Does this sound like something any of you have seen in your herds? If so, what was the cause and how did you treat it? In any other species I'd probably just wait and see how he's doing in the morning since he's not currently losing fluids, but I know with goats they can go down hill very quickly. Thank you for your help!


----------



## happybleats (Sep 12, 2010)

He is ripe age for cocci and cocci can cause black poo...is he on preventive? if not I would begin now...


----------



## CrazyDogLady (Aug 9, 2014)

That is exactly what my doeling had this year, and she did go downhill quickly. Vet told me to give electrolytes, no nursing. If he won't take a bottle, syringe it into his mouth. Give cocci meds. Dehydration is the biggest danger. Black tarry stools means intestinal bleeding, in most species. 

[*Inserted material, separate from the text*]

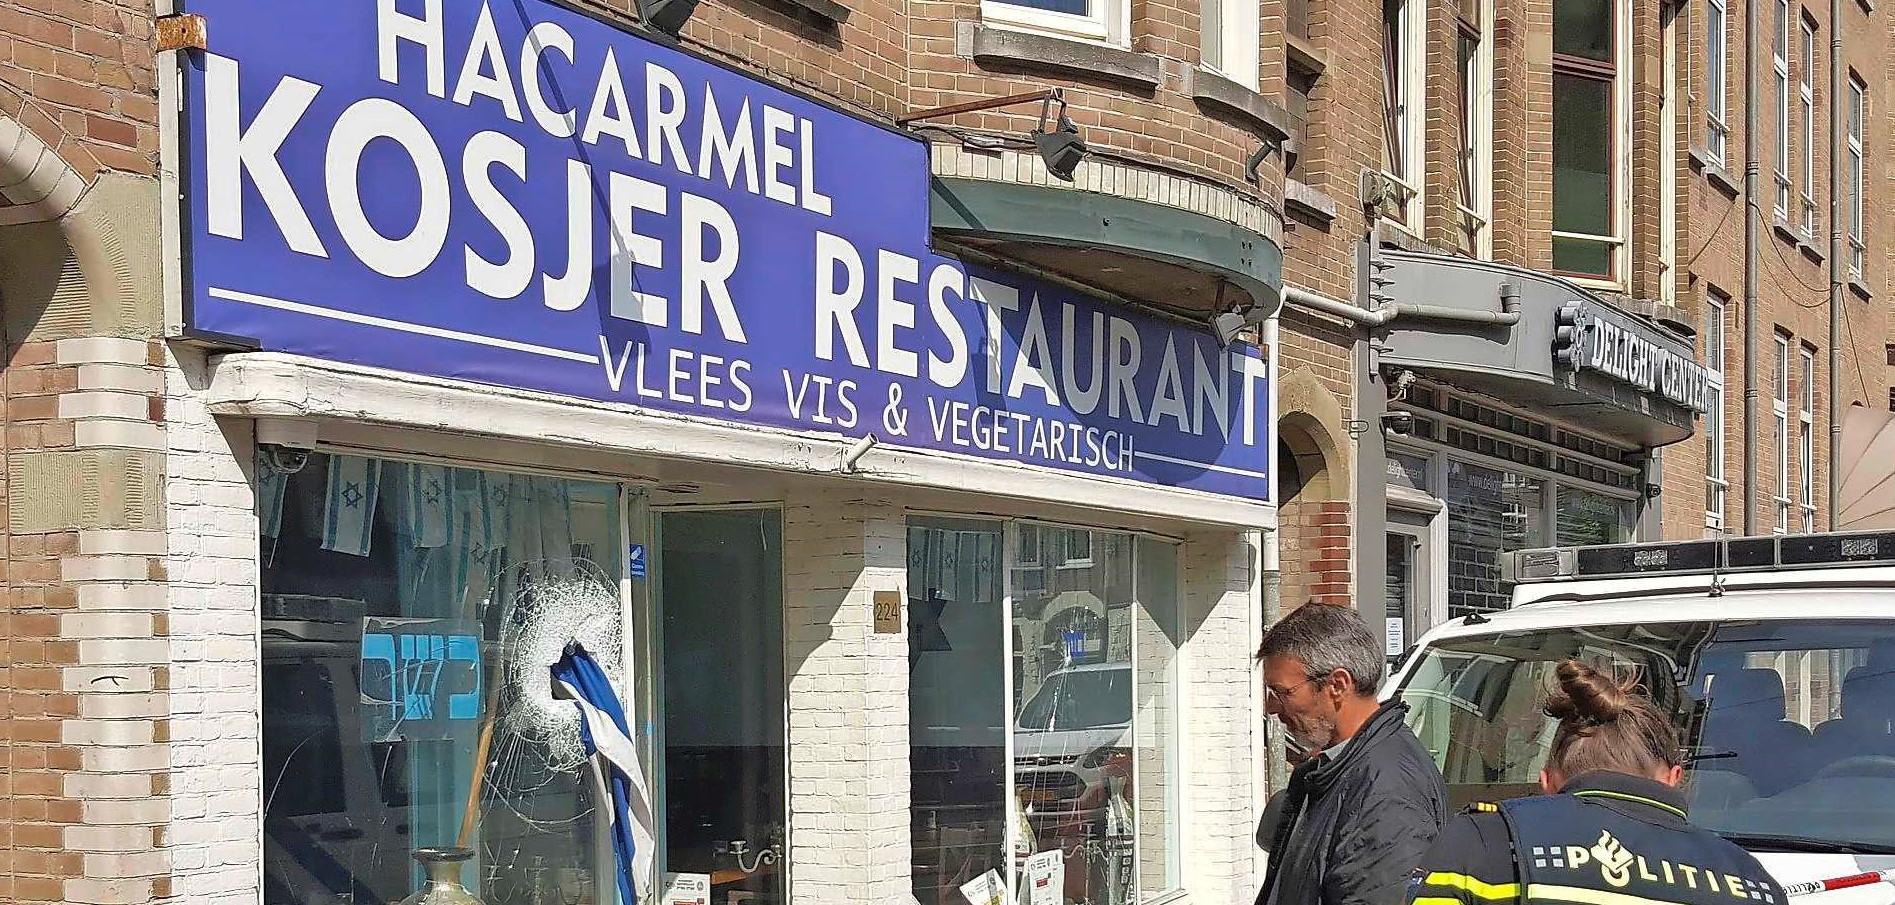 Koosjer restaurant opnieuw doelwit van antisemitisme

Good luck, and hope he recovers well.


----------



## jblynnb (Feb 9, 2016)

Thank you for the responses! Just a quick update before I go put everyone to bed...
I had Sulmet for my chickens, so as soon as I read your replies I went out and gave him his first dose. I gave his second dose today, and I'm happy to report that he's back to his normal bouncy, crazy self. He had been pretty sluggish over the weekend and in retrospect it was the cocci, but I originally thought it was because of the heat wave we've been having.
I now have another question to ask... The baby is new to our farm and is currently in quarantine with his mom, and grandma who is very heavily pregnant (due any day now). Should I be treating mom and grandma for cocci too, or can I wait until after grandma kids? They've had a stressful couple of weeks with the move here, hooves being trimmed (they were ghastly), and getting all their shots. I don't want to do anything that could harm the 20 kids grandma *seems* to be carrying. What would you all do? 
Also, both mom and grandma are incredibly skiddish, and any time I catch them it is very stressful for them. (They've come a long way in the 2 weeks I've had them, but we're just not there yet.) Normally I dose with the sulmet orally in a syringe, but if I need to go ahead and treat mom and grandma now I'm wondering if I can add it to their water with some molasses or electrolyte powder to mask the taste. Any thoughts on that?


----------



## happybleats (Sep 12, 2010)

Glad he is doing better : ) On moms....Might have a fecal done to see if its even needed...and if so unless its a bad case I would wait until she kids....if a fecal is out of the question, I would wait until she kids..then begin treatment..and I would also give undiluted dose...mixing in water may not get them what they need if they would even drink it...


----------



## jblynnb (Feb 9, 2016)

*I need help!*

I finished the 5 day treatment with Sulmet on Thursday and the buckling was doing fine. This morning I went out to feed and he has very smelly, light brown diarrhea. I don't see any solids in it. The only thing that is different is that yesterday I saw him nursing from his grandma, who is about to kid. Could getting the colostrum do this or should I be looking for other causes?


----------



## ksalvagno (Oct 6, 2009)

Yes. Keep him away from her. Her kids need the colostrum.


----------



## jblynnb (Feb 9, 2016)

ksalvagno said:


> Yes. Keep him away from her. Her kids need the colostrum.


Ksalvagno, I should start paying you a salary.  
I already removed grandma last night. I saw the kid nurse on her 2 times before I had her new pen ready, but it could have been happening all day while I was at work. I took grandma out at around 9:00 last night. The last time I checked on the baby was 11:00 and he was fine at that point.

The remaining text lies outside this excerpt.